Showing 4 changed files with 49 additions and 5 deletions.
diff --git a/test/test_autograd.py b/test/test_autograd.py
@@ -33,7 +33,7 @@
                                                   suppress_warnings, slowTest,
                                                   load_tests, random_symmetric_matrix,
                                                   IS_WINDOWS, IS_MACOS, CudaMemoryLeakCheck,
-                                                  TemporaryFileName)
+                                                  TemporaryFileName, TEST_WITH_ROCM)
 from torch.autograd import Variable, Function, detect_anomaly, kineto_available
 from torch.autograd.function import InplaceFunction
 import torch.autograd.forward_ad as fwAD
@@ -6880,6 +6880,24 @@ def flatten_out(mod, inp):
             torch.autograd.gradcheck(gradcheckfunc, inp)
             torch.autograd.gradgradcheck(gradcheckfunc, inp)
 
+        if inp.is_cuda and not TEST_WITH_ROCM:
+            # Assert that we have good error message around unsupported CuDNN double backward
+            # NB: we trigger double backward using .backward() instead of autograd.grad due to
+            # https://github.com/pytorch/pytorch/issues/37874
+            with torch.backends.cudnn.flags(enabled=True):
+                result = gradcheckfunc(inp)
+                result[0].sum().backward(create_graph=True)
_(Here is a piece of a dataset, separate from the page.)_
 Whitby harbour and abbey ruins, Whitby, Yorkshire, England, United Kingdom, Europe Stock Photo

+                grad0 = next(mod.parameters()).grad
+                with self.assertRaisesRegex(RuntimeError,
+                                            "please disable the CuDNN backend temporarily"):
+                    grad0.sum().backward()
+
+                # Here we avoid the backward(create_graph=True) memory leak
+                # described in https://github.com/pytorch/pytorch/issues/7343
+                for param in mod.parameters():
+                    param.grad = None
+                inp.grad = None
+
     def test_LSTM_grad_and_gradgrad(self, device):
         hsize = 4
         inp = torch.rand(1, 3, hsize, device=device, dtype=torch.float64, requires_grad=True)
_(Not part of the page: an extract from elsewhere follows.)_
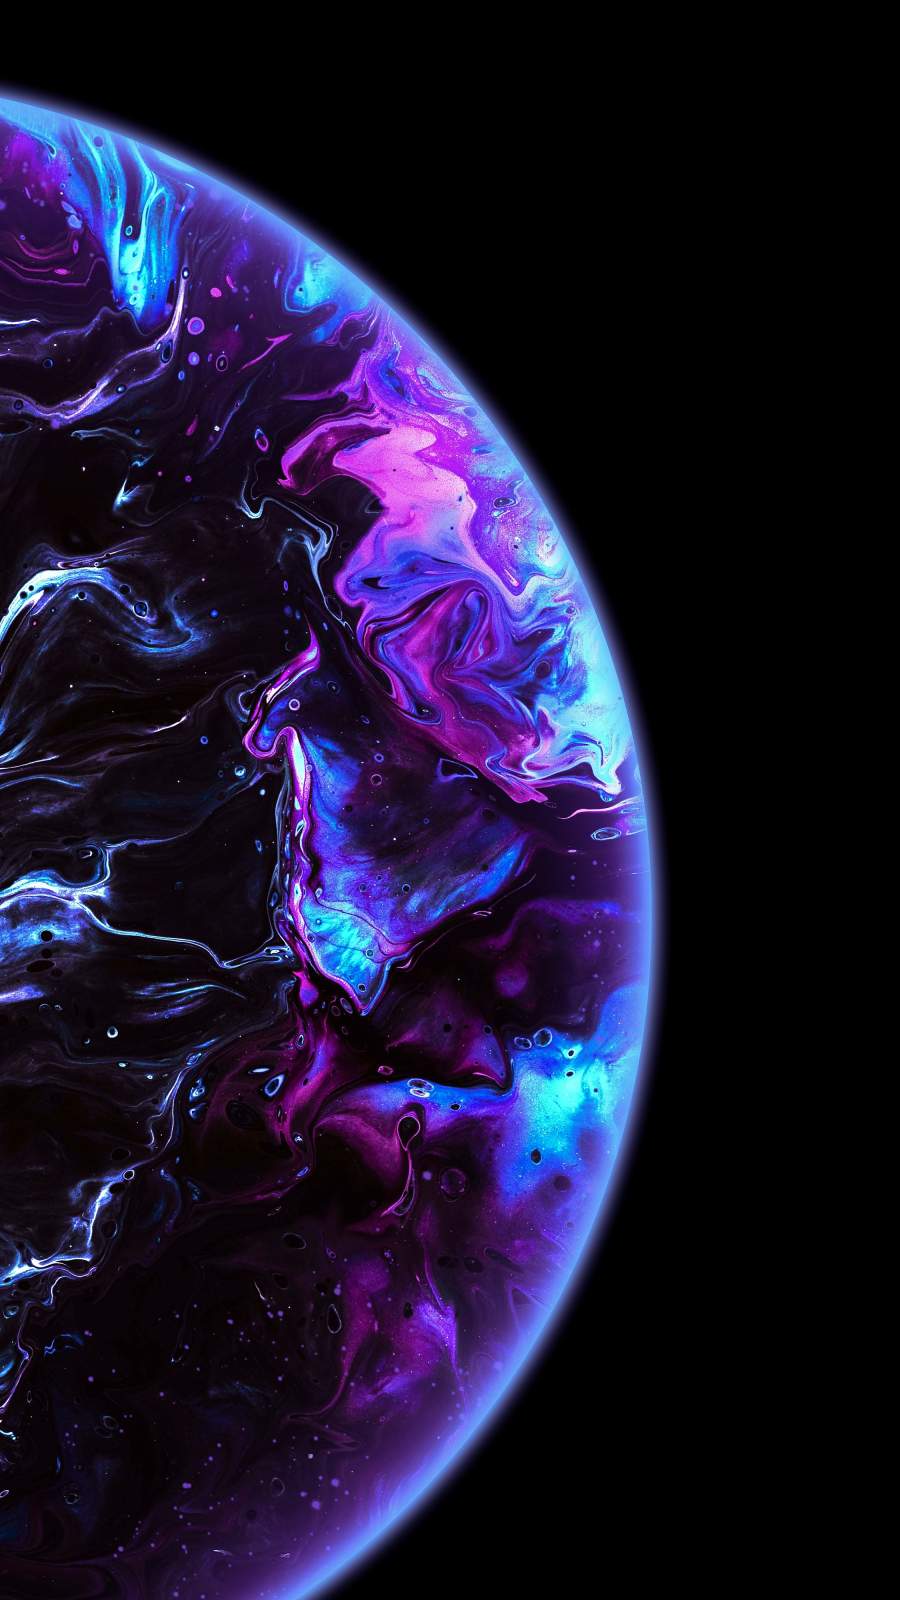 Sphere Marble Planet IPhone 11 Pro Max Wallpaper

diff --git a/tools/autograd/derivatives.yaml b/tools/autograd/derivatives.yaml
@@ -1821,6 +1821,14 @@
 
 - name: _cudnn_rnn_backward(Tensor input, Tensor[] weight, int weight_stride0, Tensor weight_buf, Tensor hx, Tensor? cx, Tensor output, Tensor? grad_output, Tensor? grad_hy, Tensor? grad_cy, int mode, int hidden_size, int proj_size, int num_layers, bool batch_first, float dropout, bool train, bool bidirectional, int[] batch_sizes, Tensor? dropout_state, Tensor reserve, bool[4] output_mask) -> (Tensor, Tensor, Tensor, Tensor[])
   dropout_state: non_differentiable
+  input: not_implemented("_cudnn_rnn_backward", kCudnnDoubleBackwardMsg)
+  weight: not_implemented_list("_cudnn_rnn_backward", kCudnnDoubleBackwardMsg)
+  hx: not_implemented("_cudnn_rnn_backward", kCudnnDoubleBackwardMsg)
+  cx: not_implemented("_cudnn_rnn_backward", kCudnnDoubleBackwardMsg)
+  output: not_implemented("_cudnn_rnn_backward", kCudnnDoubleBackwardMsg)
+  grad_output: not_implemented("_cudnn_rnn_backward", kCudnnDoubleBackwardMsg)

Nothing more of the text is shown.